A common use case involves running the same analysis across multiple polygons in a vector file (e.g. ESRI Shapefile or GeoJSON). 
This notebook will demonstrate how to use a vector file and the Open Data Cube to extract satellite data from Digital Earth Australia corresponding to individual polygon geometries.

## Description
If we have a vector file containing multiple polygons, we can use the python package [geopandas](https://geopandas.org/) to open it as a `GeoDataFrame`. 
We can then iterate through each geometry and extract satellite data corresponding with the extent of each geometry. 
Further anlaysis can then be conducted on each resulting `xarray.Dataset`.

We can retrieve data for each polygon, perform an analysis like calculating NDVI and plot the data.

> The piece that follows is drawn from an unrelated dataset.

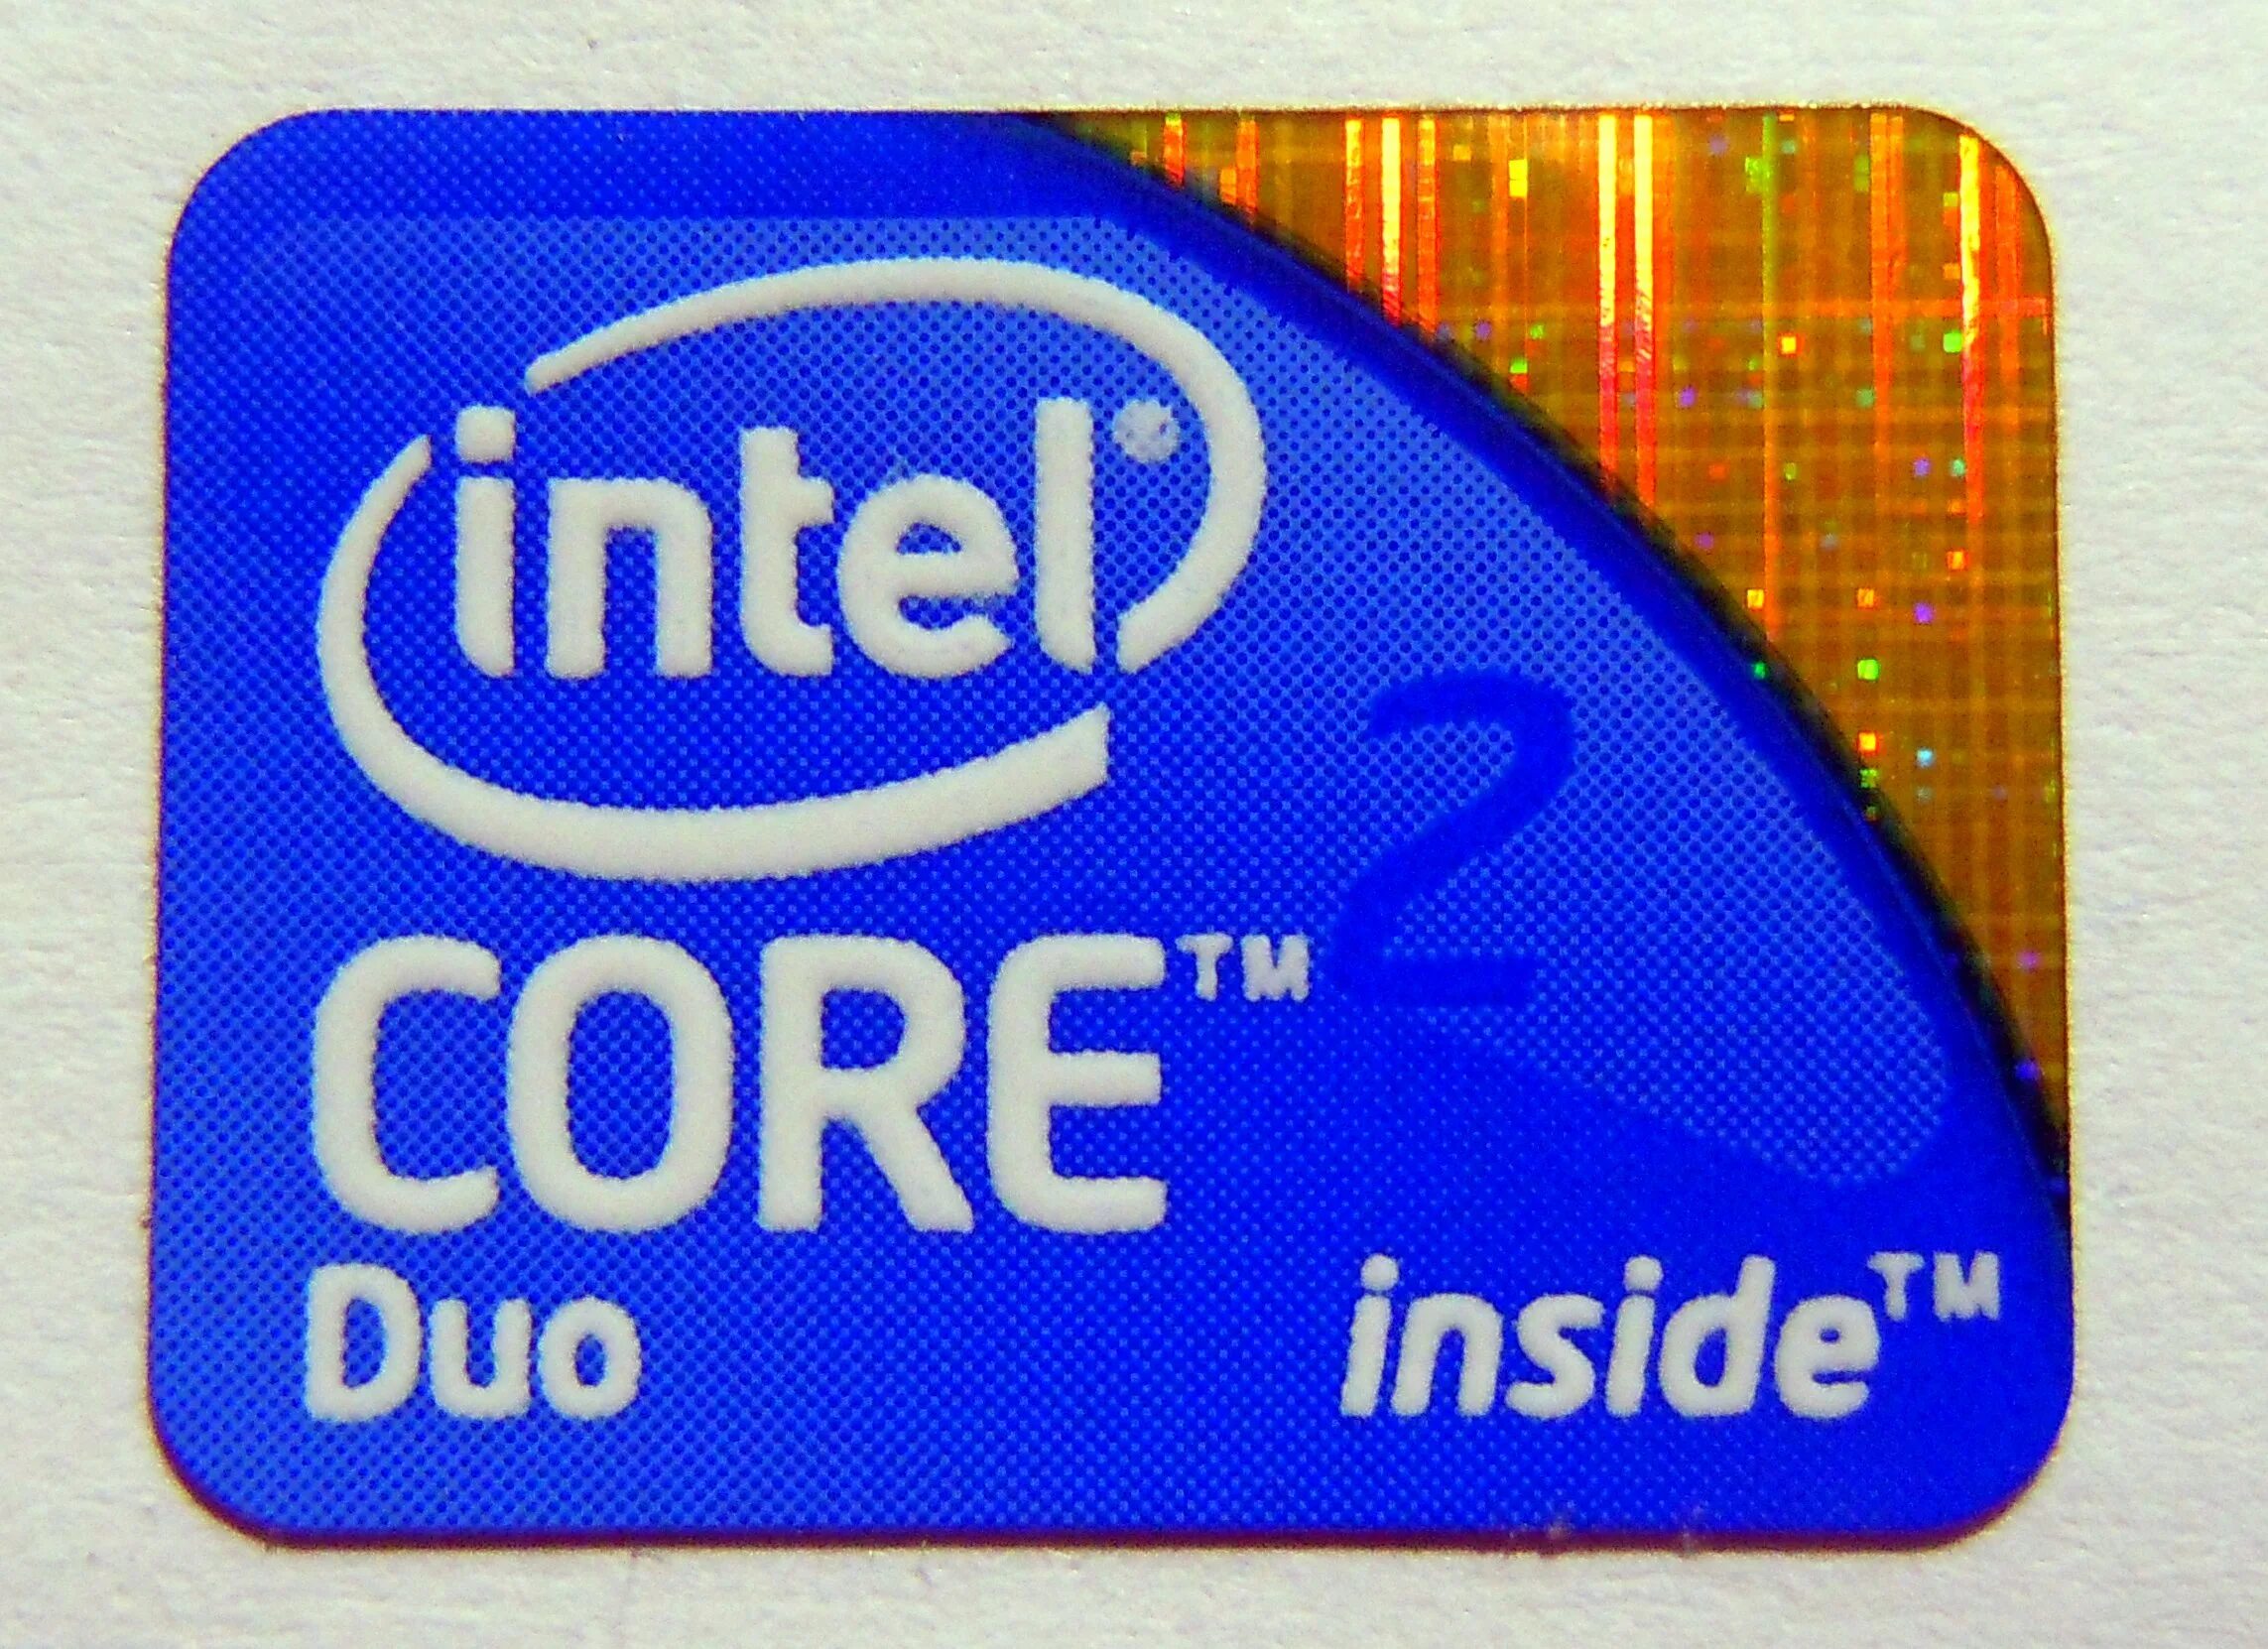 Процессор интел коре дуо. Наклейка Intel Core 2 Duo. Intel Core 2 Duo logo. Intel Core 2 Duo inside. Интел 2 дуо.

1. First we open the polygon using `geopandas`
2. Iterate through  a geodatframe, extracting satellite data from DEA's ODC
3. Calculate NDVI as an example analysis on one of the extracted satellite timeseries.
4. Plot NDVI for the polygon extent

***


## Getting started
To run this analysis, run all the cells in the notebook, starting with the "Load packages" cell. 

### Load packages
Please note the use of `datacube.utils` package `geometry`: 
this is important for saving the coordinate reference system of the incoming shapefile in a format that the Digital Earth Australia query can understand.

In [2]:
%matplotlib inline

import datacube
import rasterio.crs
import geopandas as gpd
import matplotlib.pyplot as plt
import pandas as pd
import numpy as np
from datacube.utils import geometry

import sys
sys.path.append('../Scripts')
from dea_datahandling import load_ard
from dea_bandindices import calculate_indices
from dea_plotting import rgb, map_shapefile
from dea_temporaltools import time_buffer
from dea_spatialtools import xr_rasterize

### Connect to the datacube
Connect to the datacube database to enable loading Digital Earth Australia data.

In [3]:
# Temporary solution to account for Collection 3 data being in a different
# database on the NCI
try:
    dc = datacube.Datacube(app='Analyse_multiple_polygons', env='c3-samples')
except:
    dc = datacube.Datacube(app='Analyse_multiple_polygons')

## Analysis parameters

* `time_of_interest` : Enter a time, in units YYYY-MM-DD, around which to load satellite data e.g. `'2019-01-01'`
* `time_buff` : A buffer of a given duration (e.g. days) around the time_of_interest parameter, e.g. `'30 days'`
* `vector_file` : A path to a vector file (ESRI Shapefile or GeoJSON)
* `attribute_col` : A column in the vector file used to label the output `xarray` datasets containing satellite images. Each row of this column should have a unique identifier
* `products` : A list of product names to load from the datacube e.g. `['ga_ls7e_ard_3', 'ga_ls8c_ard_3']`
* `measurements` : A list of band names to load from the satellite product e.g. `['nbart_red', 'nbart_green']`
* `resolution` : The spatial resolution of the loaded satellite data e.g. for Landsat, this is `(-30, 30)`
* `output_crs` : The coordinate reference system/map projection to load data into, e.g. `'EPSG:3577'` to load data in the Albers Equal Area projection
* `align` : How to align the x, y coordinates respect to each pixel. Landsat Collection 3 should be centre aligned `align = (15, 15)` if data is loaded in its native UTM zone projection, e.g. `'EPSG:32756'` 

In [4]:
time_range = ('1986-01', '2020-10')

vector_file = '../Fitzgerald/FitzNP_PossVegPlots_2020.shp'
attribute_col = 'SiteName'

products = ['ga_ls5t_ard_3', 'ga_ls7e_ard_3', 'ga_ls8c_ard_3']
measurements = ['nbart_red', 'nbart_green', 'nbart_blue', 'nbart_nir', 'nbart_swir_1', 'nbart_swir_2']
resolution = (-30, 30)
output_crs = 'EPSG:3577'
align = (0, 0)

### Look at the structure of the vector file
Import the file and take a look at how the file is structured so we understand what we are iterating through. 
There are two polygons in the file:

In [5]:
gdf = gpd.read_file(vector_file)
#gdf.head()

In [6]:
gdfp = gdf
gdfp['geometry'] = gdfp.geometry.buffer(2000)
#gdfp.head()

We can then plot the `geopandas.GeoDataFrame` using the function `map_shapefile` to make sure it covers the area of interest we are concerned with:

In [10]:
map_shapefile(gdfp, attribute=attribute_col)

Label(value='')

Map(center=[-33.92721378962945, 120.0132970707948], controls=(ZoomControl(options=['position', 'zoom_in_text',…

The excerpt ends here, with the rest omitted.